The Snapfire 8's selling point is it's a non battery powered semi automatic with two main settings- "speed" and "power". There is a dial at the bottom of the grip that you gradually rotate and that allows you to customise your desired setting depending on how you like to play.
What it basically is doing is increasing the resistance that fires the dart and in turn that of the trigger- if you want more power, the trigger is really stiff to pull back but allows for your darts to fire further, whereas the speed setting is much softer but you sacrifice the power and hence full range available.
It's kind of fiddly to do, and after a while you just set it once and leave it alone. To be honest I found I just wanted to leave it on the "Power" setting and just deal with the ridiculously stiff trigger.
Speaking of the trigger, it's a totally unique system I've yet to see before- you can see in the picture above it's in three parts that 'fold' into each other on the squeeze. With each pull, the trigger fires a dart and advances the barrel to the next chamber, with the dart leaving once the trigger has completely folded into the last piece. This does away with a cocking mechanism, and on full trigger pull, you can really hear the very dense "thunk/click/boing" sound of the dart firing.
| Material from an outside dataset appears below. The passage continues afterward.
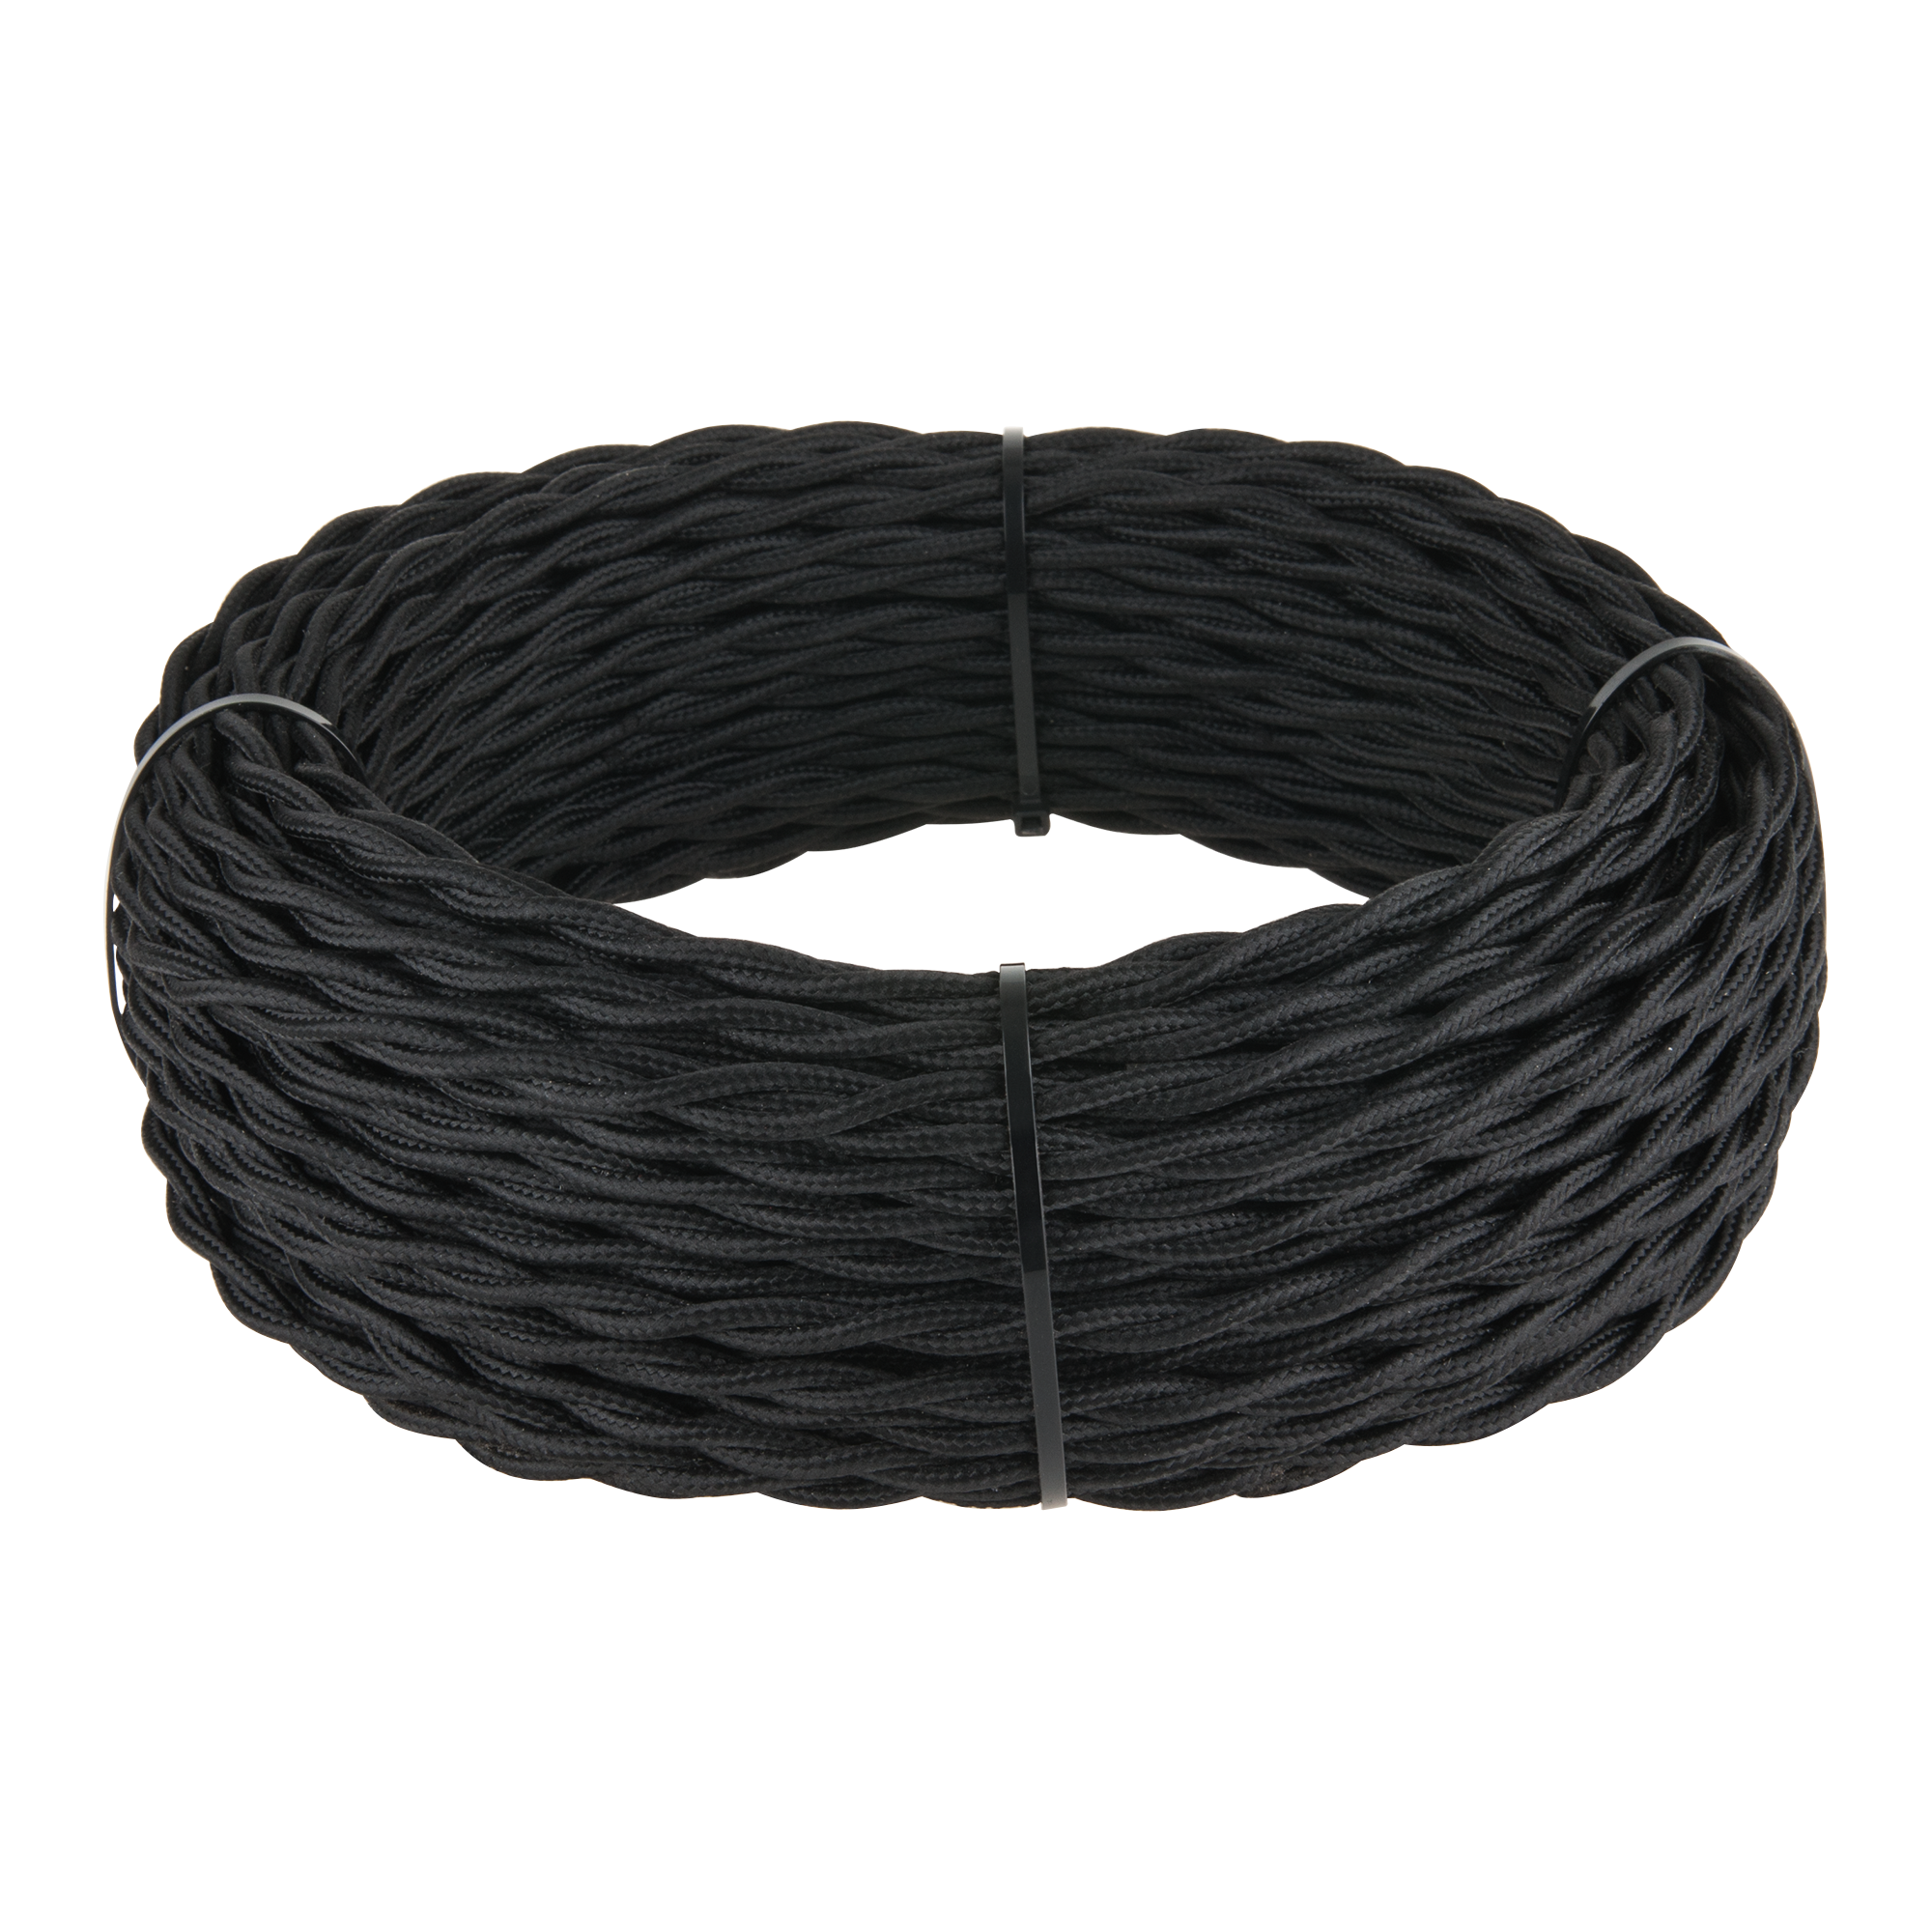 Ретро кабель витой 3х2,5 (черный) 50 м Werkel Ретро кабель черный W6453608. Фото 1

Or maybe it's my finger snapping:P
|Trigger is over double in length of ordinary trigger distance|
|You can see my finger barely makes it around the trigger.|
After a full 8 rounds fired, my finger wasn't very happy with me, and after reloading it several times, my hand in general basically told me where to go:P A friend of mine with very small girlie hands (being a girl) couldn't fire the Snapfire 8 on Power mode with one hand- she needed both and she basically handed it back to me and said 'I don't like it'. This is definitely NOT an ergonomically friendly blaster, and dual wielding them, while technically possible is not going to feel fun in your weaker hand. I'm sure with enough practice and training it'll be fine, but for me thus far..i'm with my friend on this one- it wasn't comfortable.
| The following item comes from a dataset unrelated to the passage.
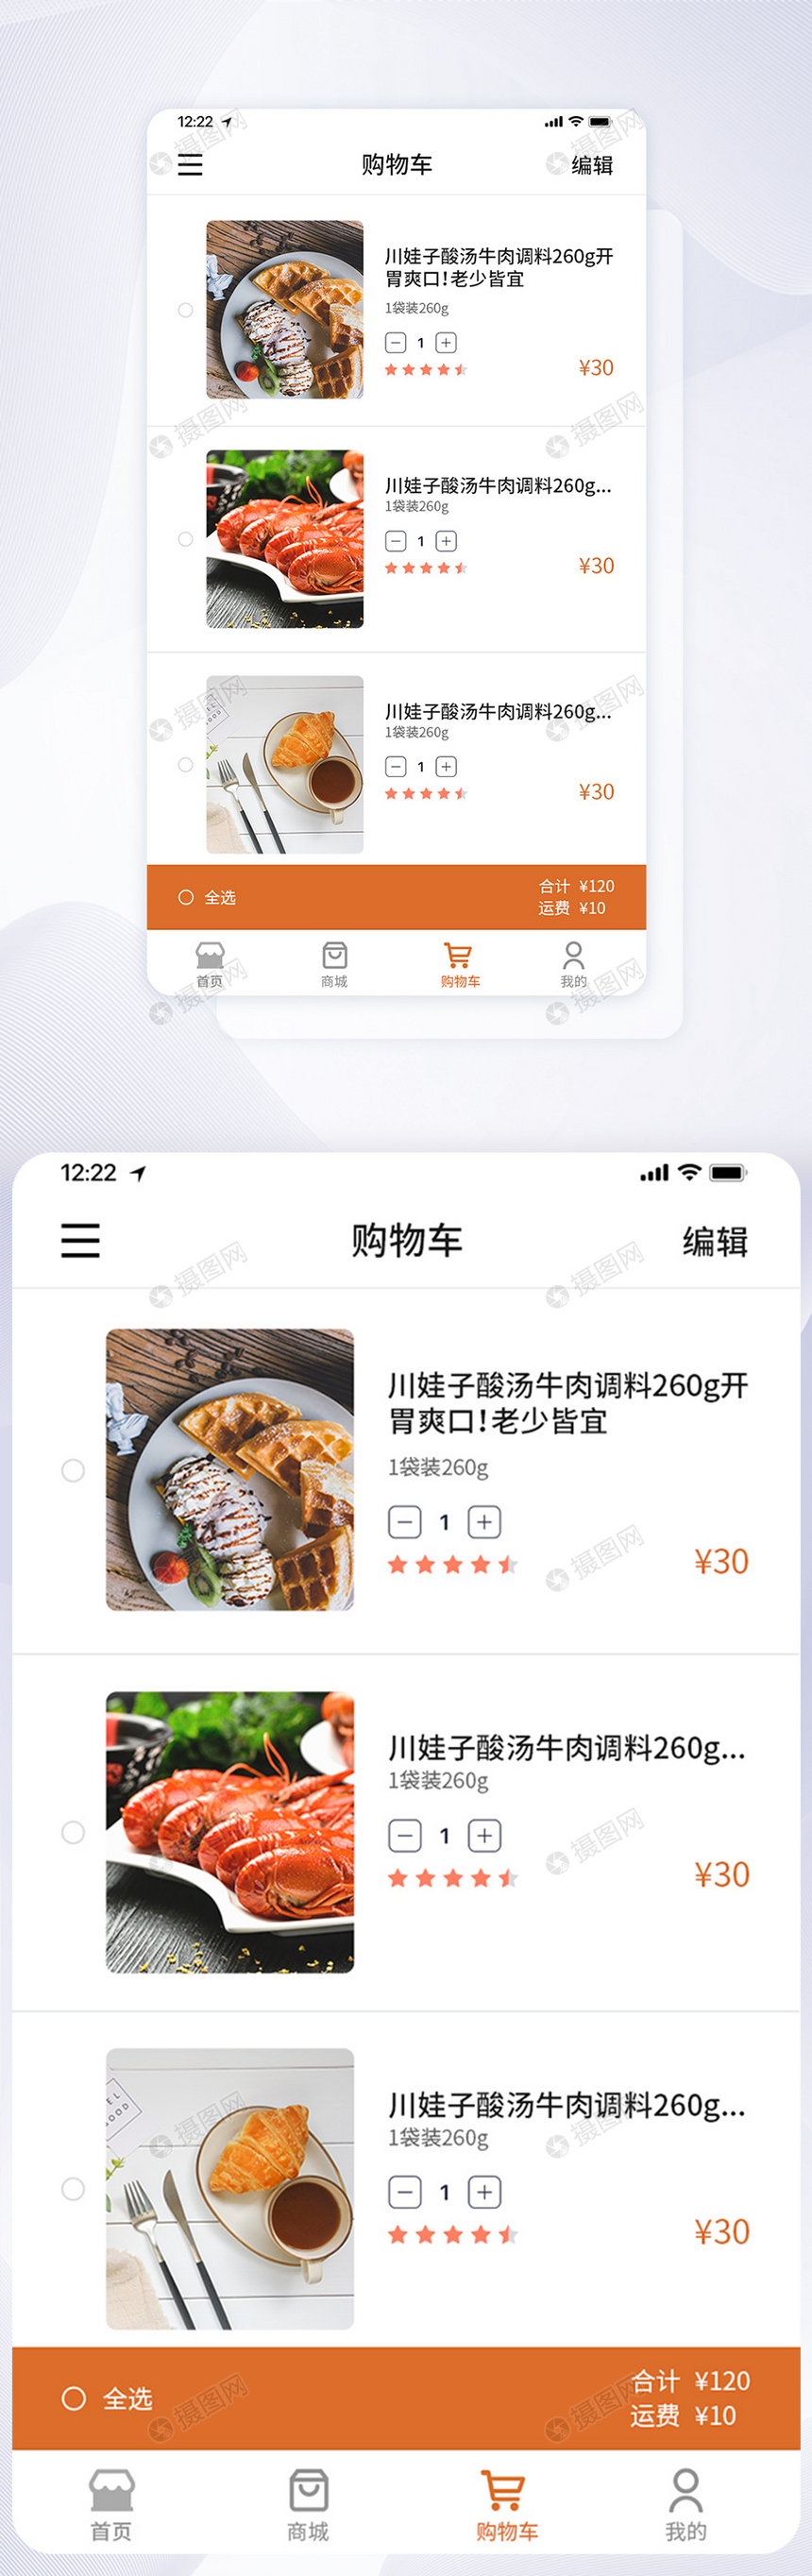 UI设计美食做饭教程购物车手机APP界面图片

|Pulling the trigger isn't at all comfortable and cuts into your finger|
The difference between the speed and power settings was noticeable but wasn't THAT great in performances (but quite a bit in ergonomics) and I also found it quite inconsistent- sometimes you'd get a great shot out and others a tad more on the dribble side. The new improved Sharpshot better ranges from my test shots done to date. Because of the trigger mechanism is so stiff and requires it to be completely pulled to fire, you won't be able to pump out darts as rapid as a Barricade or Hailfire.
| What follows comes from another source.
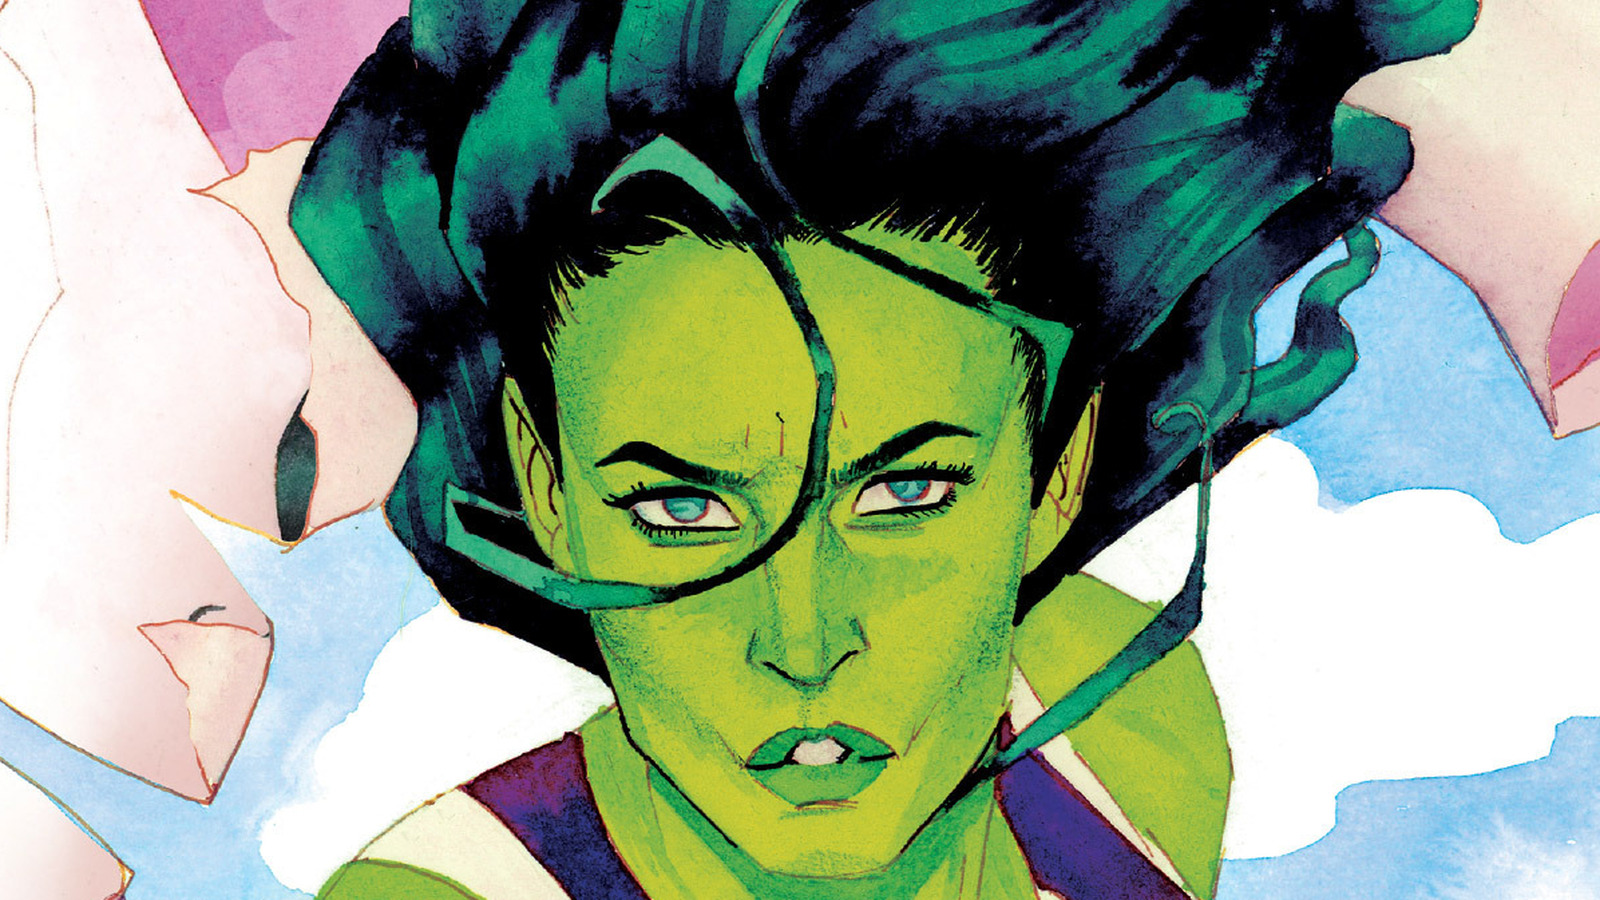 She-Hulk vs Daredevil by David Lopez

|All the way depressed. You can see how much grip is left for small hands.|
It's design makes it difficult to pocket or holster, and while I wanted to think I'd be dual wielding these pups in full John Woo style, in the end the erratic performances and awkwardness of the firing mechanism just left me thinking no- long time play makes my index fingers feel like they've been sawn in two. It's a novel idea and as always, if you can get one for cheap, sure do it, but I'm not sure it's going to be a game changer any time soon. I don't hate it; I just think it wasn't quite what I was expecting and perhaps my expectations were too high- happy to hear your thoughts on it if you've got one.
From what I know, only available in Singapore atm, and with shipping cost me around 40 bucks each so probably not quite worth it. I'd be waiting for a domestic release where it should be much cheaper.